I am on this journey and not sure if I say things are right or wrong...but I know that if I discover something that helps me then I must share. I love not being alone on this and thank you back!

Spirit 3. Your post was beautiful. Do you still have your uterus and ovaries? I don't and the more I learn the more downhearted and discouraged I become. It seems nothing will help those of us who were misled by the medical profession that a hysterectomy would "fix" us. The only thing I am being offered now to help me is more surgery. The more I read the more I think this is not the answer either.

There is hope for all of us. If you can, try not to be downhearted from the past. The posture will help each and every one of us. You may have some other obstacles because you have had surgery, but no matter, you will benefit in countless ways. There are many women on here who have had surgery and have had help from posture and exercises and attitude here. Best wishes to you and much hope!
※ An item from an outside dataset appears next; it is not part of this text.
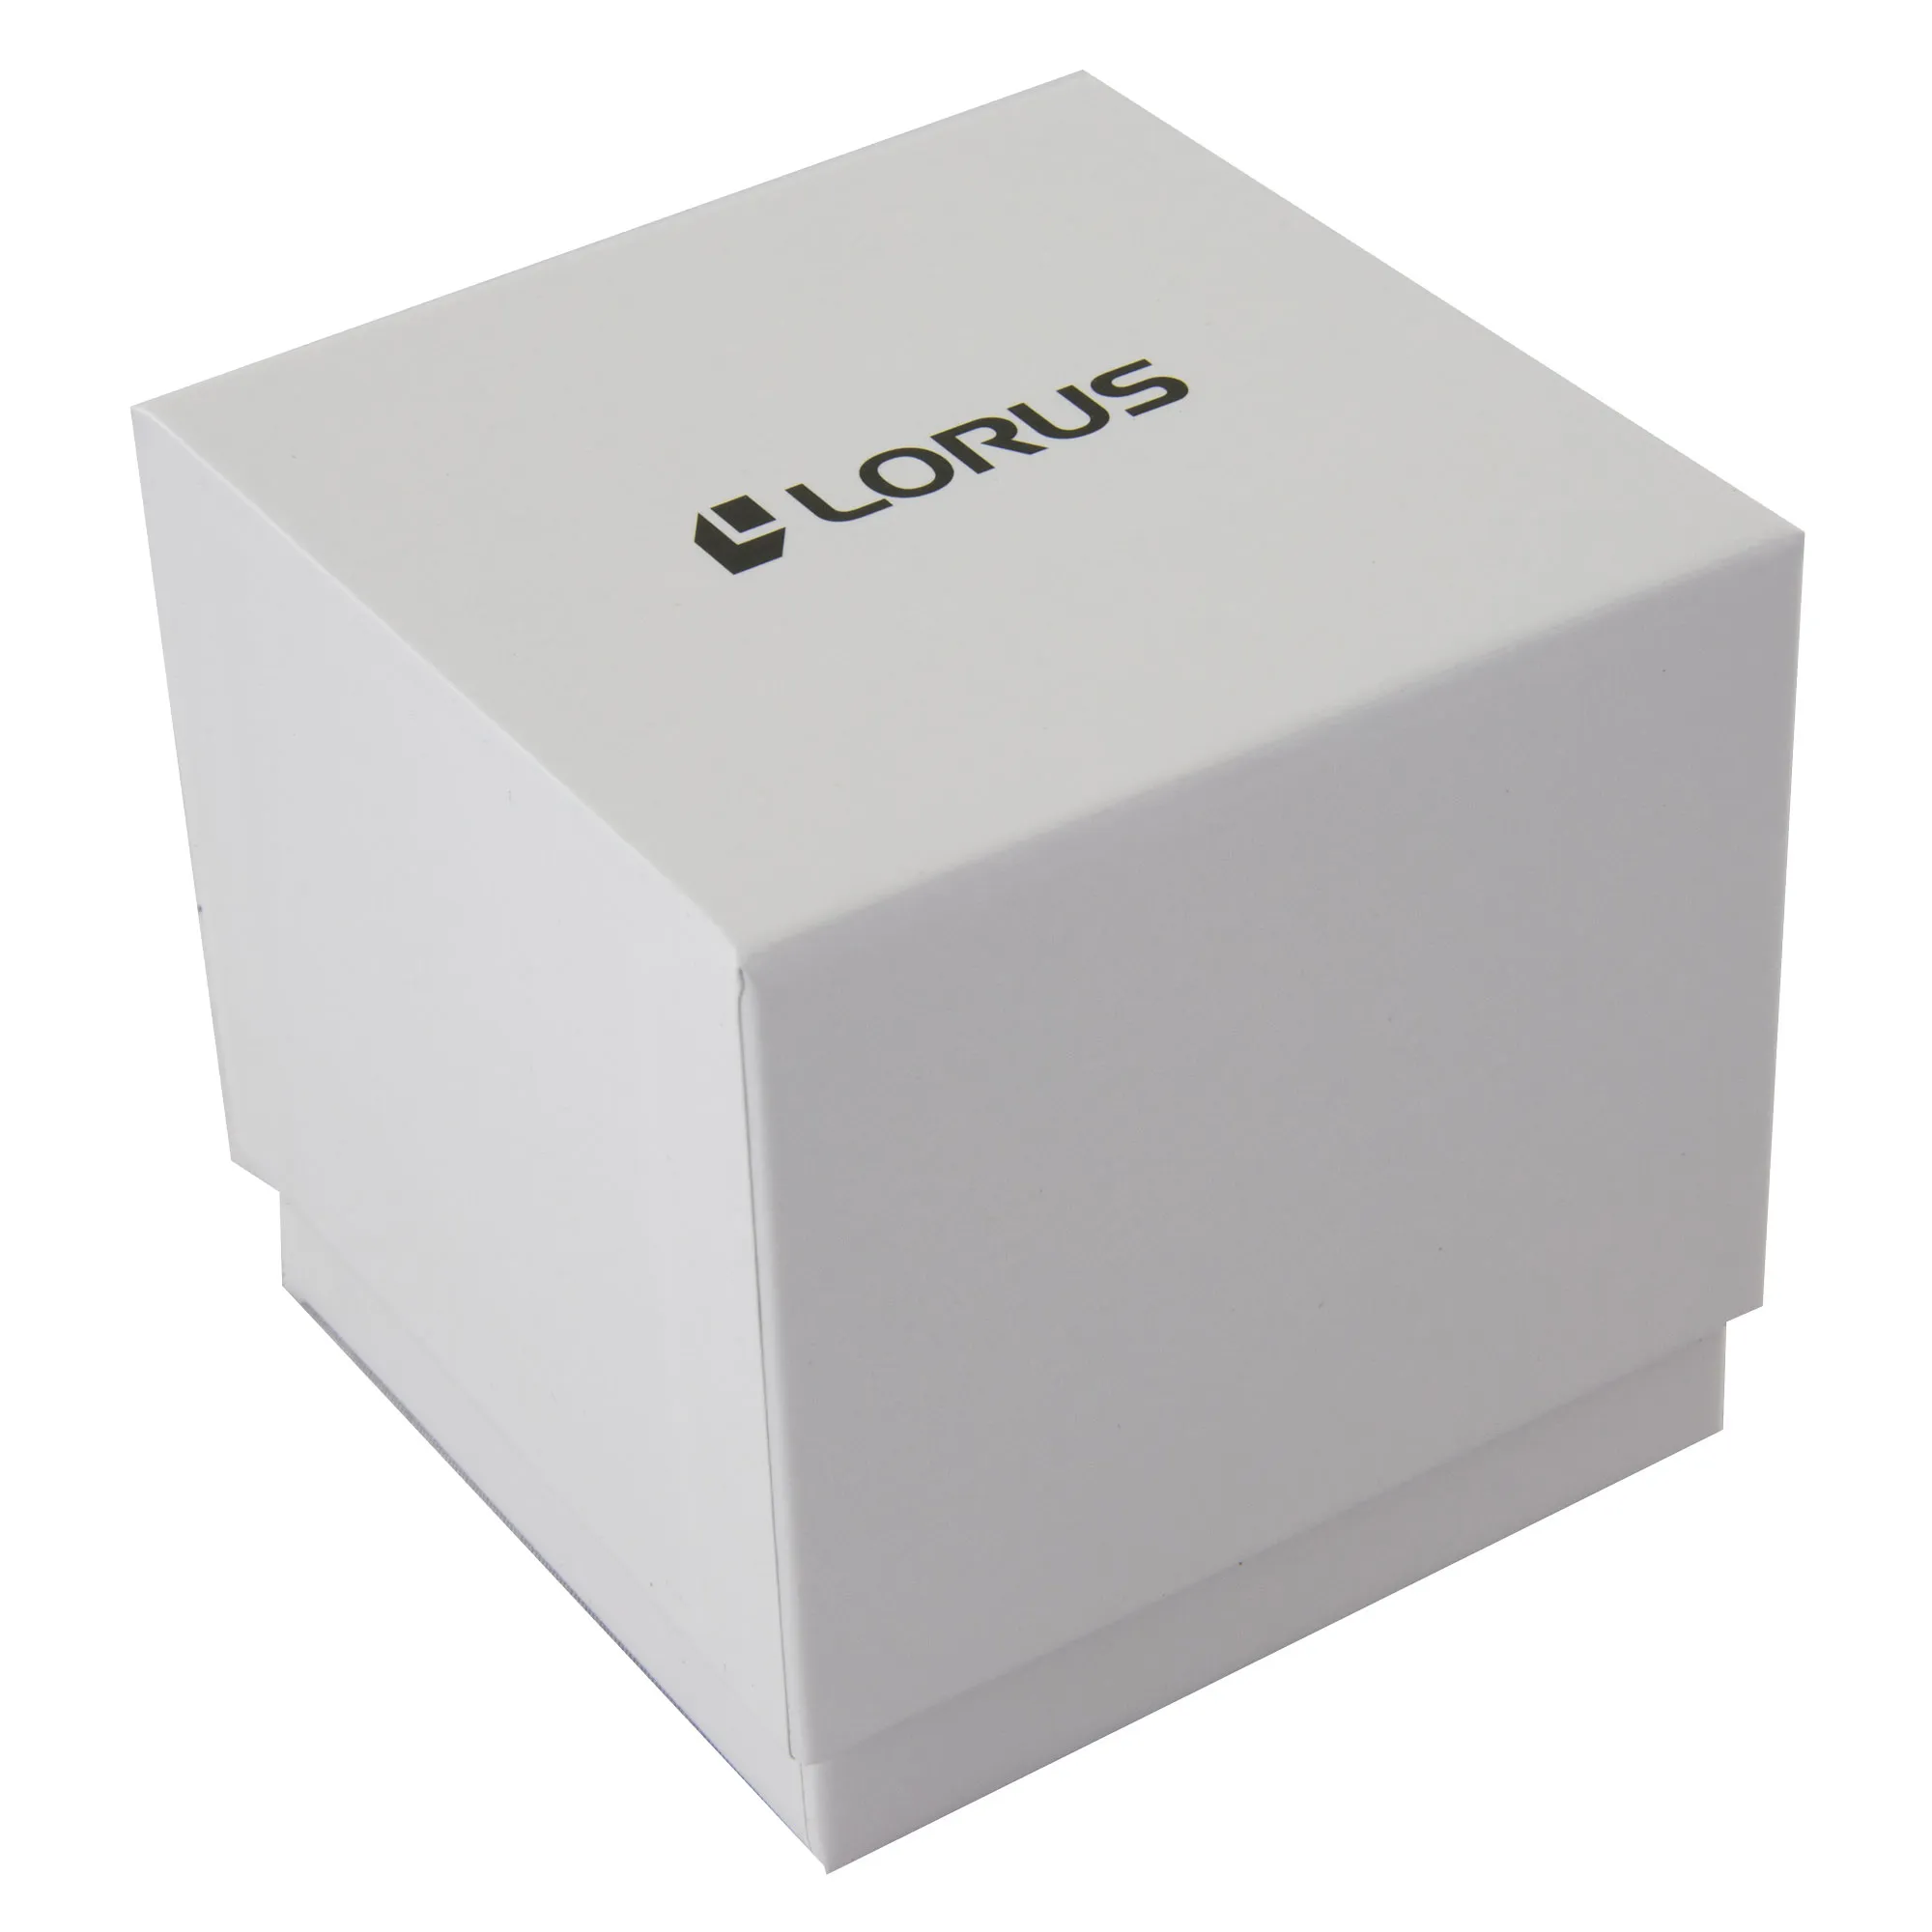 Lorus box

I agree with all that's been said here so far. I've had two babies since discovering my prolapse and let me tell you that six weeks is still very very early. in my experience, things tend to get worse before they get better, I tend to hit 'rock bottom' around 12 weeks pp and then I am able to reverse it pretty quickly. but I was lucky (?) in that I found my prolapse between pregnancies so by the time I was pp again I knew what to do. you can learn all of it here, the dvd and/or book is really helpful too.
but the main thing is to learn the posture and try to stay in it all day long. dont sweat it too much if you arent always lifting the baby out of his seat the 'right' way. its the overall picture that makes a difference. if you are finished with the lochia, you can start firebreathing or nauli, two exercises that really pull things back into place.
I dont know about the burning, are you certain you don't have a yeast infection or anything like that? it could just be irritation, and you've gotten good advice here for that.
please dont feel hopeless. you can get this under control. keep stopping by with questions or just support. we've all been there.
and congrats on the baby : )

MsNightingale, Thank You so much for your words of encouragement. I have only been on this site a couple of weeks and have already learned so much from you ladies. I am trying to learn all I can to make an informed decision.